Method	Returns	Speed	Use when
`agg`	One row per group	Fast (C)	Summarizing groups into a feature table
`transform`	Same shape as input	Fast (C)	Adding group stats as columns to original df
`apply`	Flexible	Slow (Python loop)	Custom logic unavailable in agg/transform

GroupBy with multiple keys

# Groupby on two columns - creates a MultiIndex
cat_stats = transactions.groupby(['user_id', 'category']).agg(
    spend = ('amount', 'sum')
).reset_index()

# Pivot to wide format: one column per category
cat_wide = cat_stats.pivot_table(
    index='user_id',
    columns='category',
    values='spend',
    fill_value=0,
    aggfunc='sum'
)
cat_wide.columns = [f'spend_{c}' for c in cat_wide.columns]
cat_wide = cat_wide.reset_index()

# Join back to main table
enriched = transactions.merge(cat_wide, on='user_id', how='left')

Merge features back correctly

# Left join - preserves all rows in transactions
enriched = transactions.merge(user_stats, on='user_id', how='left')

# But watch out - if computed on all data, this leaks future transactions!
# For time-series: compute aggregations on past data only (see shift pattern above)

Merging Strategies: Join Types, merge_asof, and Many-to-Many

Standard join types and their ML implications

users = pd.DataFrame({
    'user_id': [1, 2, 3, 4],
    'age': [25, 30, 35, 28],
})
purchases = pd.DataFrame({
    'user_id': [1, 1, 3, 5],
    'purchase_amount': [100, 200, 50, 80],
})

# Inner join - only users with purchases (can bias toward active users)
inner = users.merge(purchases, on='user_id', how='inner')
# Rows: 3 (users 1, 1, 3 - user 5 dropped since not in users table)

# Left join - all users, NaN for those with no purchases
left = users.merge(purchases, on='user_id', how='left')
# Rows: 5 (user 4 gets NaN for purchase_amount)

# Indicator column for debugging merges
left_debug = users.merge(purchases, on='user_id', how='left', indicator=True)
print(left_debug['_merge'].value_counts())
# left_only: users with no purchases (user_id 2, 4)
# both: users with purchases (user_id 1, 3)

# Anti-join pattern: users with NO purchases (negative class)
no_purchase_mask = ~users['user_id'].isin(purchases['user_id'])
no_purchase_users = users[no_purchase_mask]

:::note Join type and label bias For fraud detection, using an inner join keeps only users who had at least one event - this can bias your training set.
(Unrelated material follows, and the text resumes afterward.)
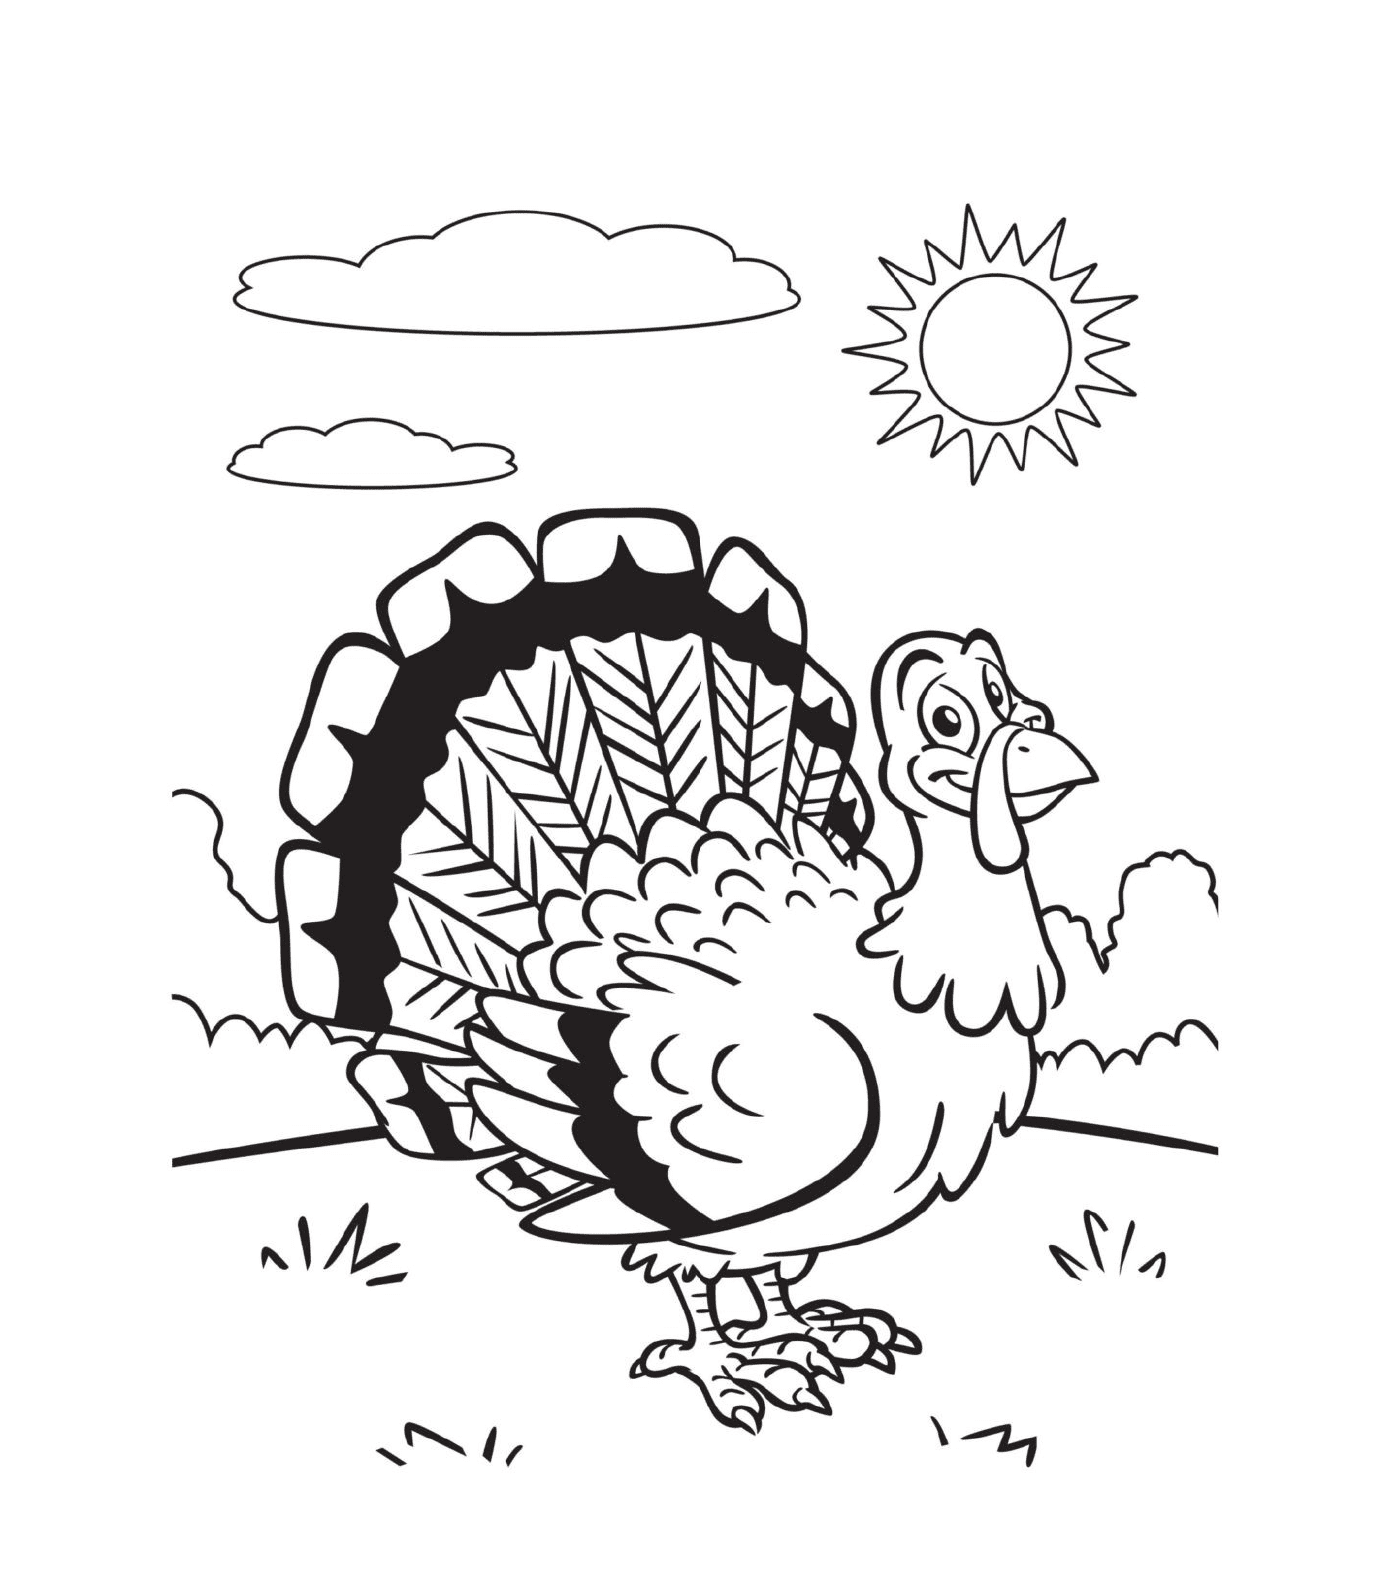  A turkey drawn in black and white

A left join on the user table preserves all users, with NaN for missing features. The right join type depends on your label definition. :::

merge_asof - time-series joins without future leakage

merge_asof performs a merge on the nearest key rather than exact match - essential for joining event tables with slowly-changing dimension tables without introducing future leakage.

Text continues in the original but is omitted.